= Berwyn Mountain UFO incident =

1974 UFO incident in Wales, United Kingdom

On 23 January 1974 on the Berwyn Mountains in Llandrillo, Merionethshire, Wales, lights and noises were observed that were alleged to have been related to a UFO sighting on Cadair Berwyn and Cadair Bronwen. Scientific evidence indicated that the event was generated by an earthquake, as well as sightings of a bright meteor widely observed over Wales and northern England at the time.

== History ==
On the evening of 23 January 1974, residents of the Berwyn Mountains area in northern Wales reported a loud noise and a bright light in the sky. When ufologists claimed that a UFO had crashed and that the British Government was covering up the military's recovery of a fallen spaceship, some tabloid newspapers jokingly labelled it "The Roswelsh Incident".

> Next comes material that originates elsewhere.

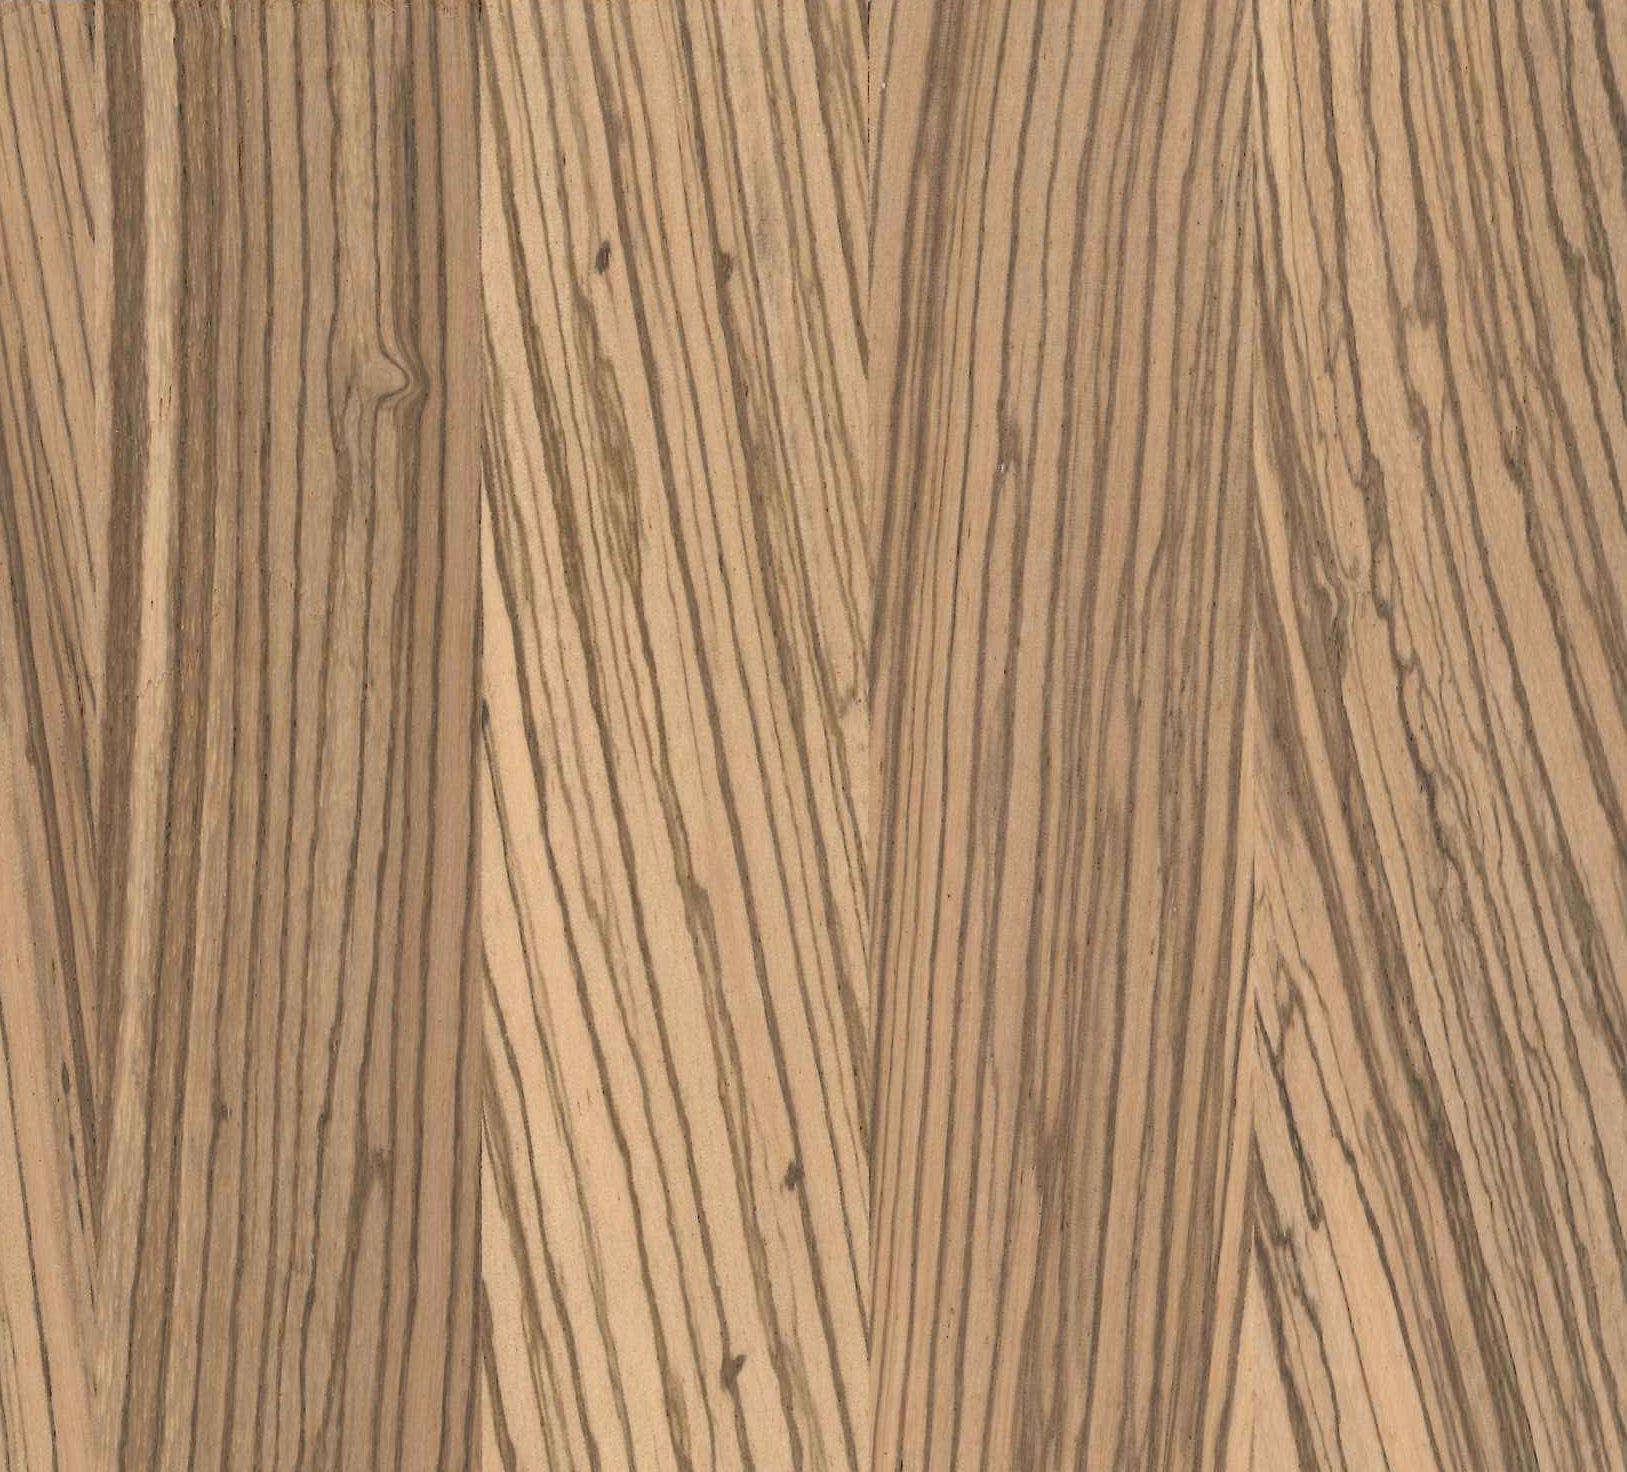 product massief houten panelen massief houten paneel type massief hout

Scientific evidence indicates the event was generated by an earthquake, along with sightings of a bright meteor widely observed over Wales and Northern England at the time.

Declassified Ministry of Defence documents also assert the incident was caused by the combined effects of an earthquake and a meteor. The Institute of Geological Sciences (now British Geological Survey) reported that a magnitude 3.5 earthquake was felt at 8:38 p.m. over a wide area of northern Wales and as far as Formby in England, 21 km north of Liverpool. It was not immediately identified as an earthquake, hence the police investigation. However, the magnitude of the shock was such that had it been due to a crash, the resulting crater would have been large enough to be easily visible. The unusual lights may also have involved the phenomenon known as earthquake lights.

== In popular culture ==
The incident was the subject of a segment on BBC1's The One Show on 2 March 2021.

A 2017 episode of Ancient Aliens speculated that a UFO crashed at Berwyn and its wreckage was likely taken to Rudloe Manor.